A screenshot of Long Beach's COVID-19 data dashboard as of August 18, 2020.

Long Beach is one of few cities in California with its own health department—and with that comes more individualized data available to its residents.

The health department’s COVID-19 data dashboard offers a range of information related to deaths, hospitalizations and positive cases of COVID-19. However the data often changes as the city receives updated information from hospitals, testing sites and other care facilities.

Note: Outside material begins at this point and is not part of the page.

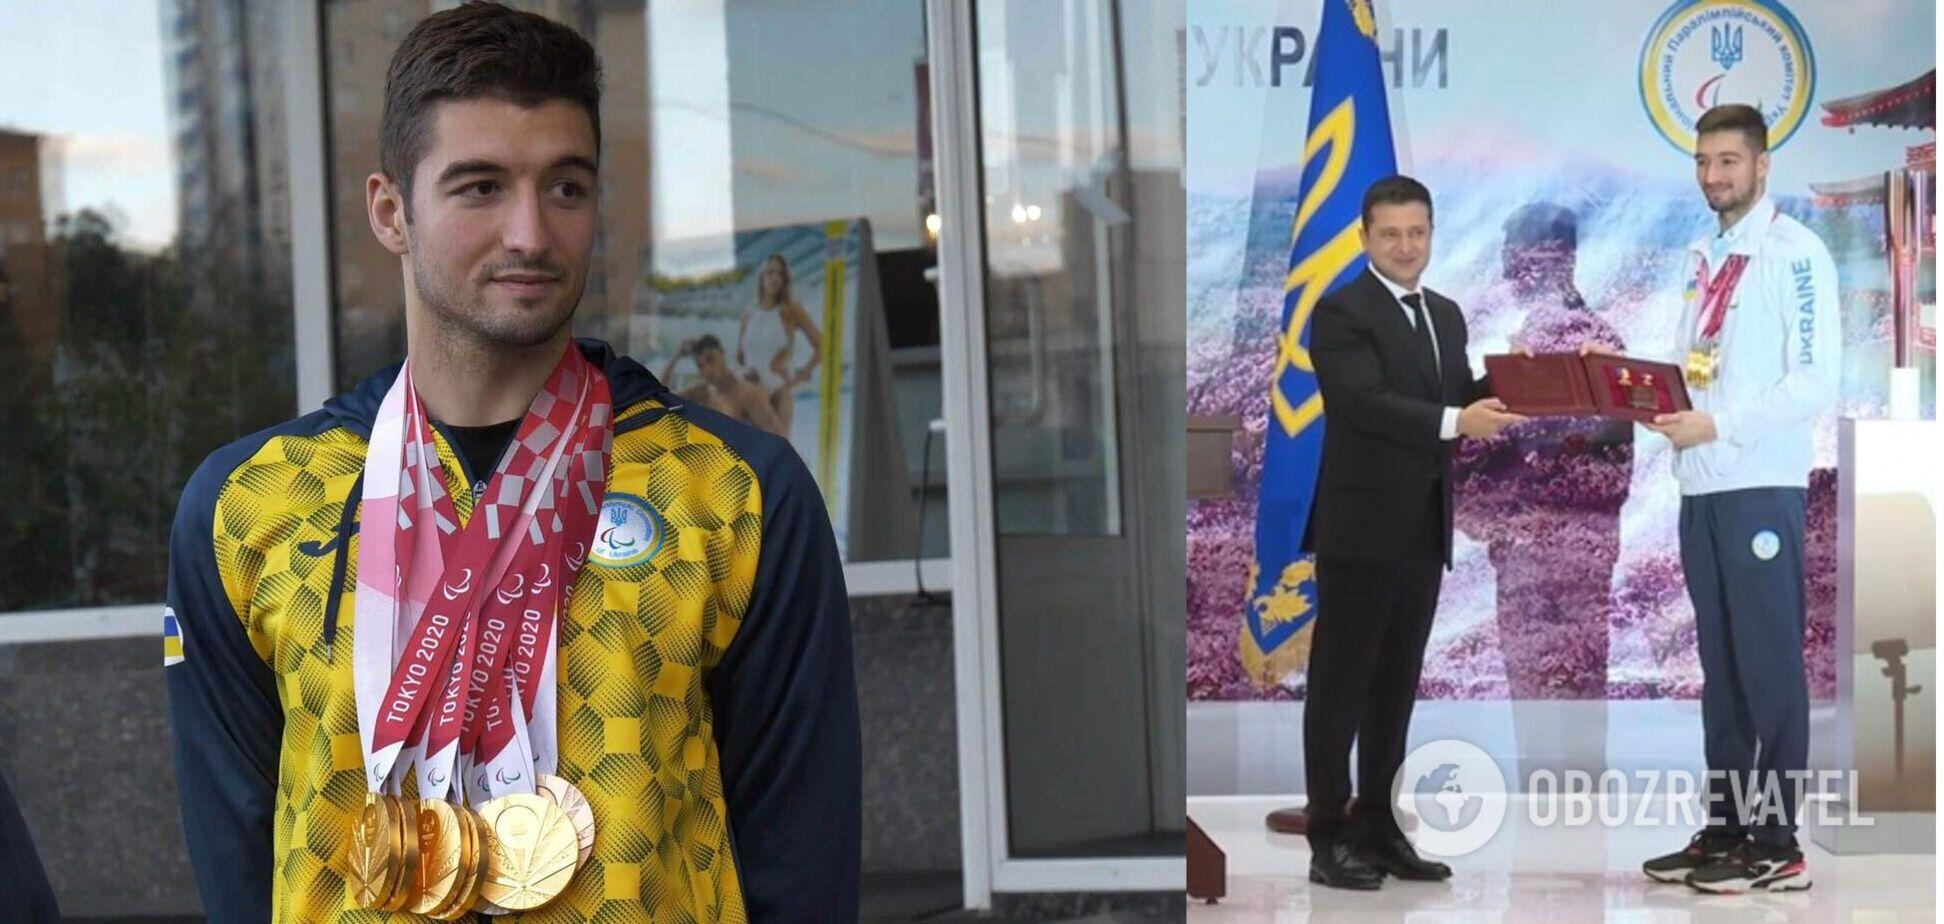 Максиму Крипаку присвоили звание Героя Украины

If you want to know how Long Beach is doing with COVID-19, here’s how to better understand what the dashboard is reporting.

Main page

On the first page of the data dashboard, you’ll see a graph that shows “COVID-19 Reporting By Date.” This is not the same number of new cases that officials report each day; it’s actually the date a patient reports that his or her COVID-19 symptoms started, city spokeswoman Chelsey Finegan said. This is why on July 28 the Post reported 313 new cases of COVID-19 while the graph shows just 122 cases.

In most of the graphs, you can right click to “show as table” to read the specific numbers.

The map below the graph shows which areas of the city are hardest hit by COVID-19. The disparities are stark, as seen in a Post analysis of the data.

In the citywide cases per 100,000 population section, the number shows overall cases, not the 14-day average that the state uses to determine when cities can reopen parts of the economy. You can see the current 14-day average number of cases per 100,000 population in the “State Indicators” section.

Cases

This page is fairly self-explanatory: The first graph shows how Long Beach compares to Los Angeles, the county and the state in terms of cases per 100,000 people since April.

In this page, you can also see a breakdown of available demographic data for all of the cases, including age, race and gender.

Hospitalizations

In the hospitalizations tab, you can see how Long Beach and LA County compare in terms of total hospitalizations per 100,000 population. This is helpful for seeing if hospitalizations have begun to slow or plateau over time.

In the “Active Hospitalizations for Last 60 Days” graph, the numbers that are reported are Long Beach residents that are hospitalized anywhere on a specific date—not who is hospitalized in Long Beach. This is why the graph shows two numbers: hospitalizations reported on date and updated hospitalizations.

Officials have explained they constantly update these numbers because there’s a lag in time from when Long Beach health officials get admission and discharge dates from hospitals in other jurisdictions. In mid-July, the numbers were initially updated much higher than originally reported, but now the graph for the dates since show updated numbers lower than initially reported.

Deaths

Similar to the hospitalizations tab, the first graph shows deaths per 100,000 people over time. The second graph shows how deaths spread out each week, with the data based on the date the person died, according to Finegan. It’s not the date reported by hospitals or by the health department through the daily updates, but from death certificates. This data can also be updated as more information becomes available, Finegan said.

State Indicators

This shows how Long Beach is progressing when it comes to reopening. The recently-added section shows the six state indicators the city and county need to meet in order to get off the state monitoring list.

Long Beach has met all but two indicators: the positivity rate and the 14-day average case rate per 100,000 people.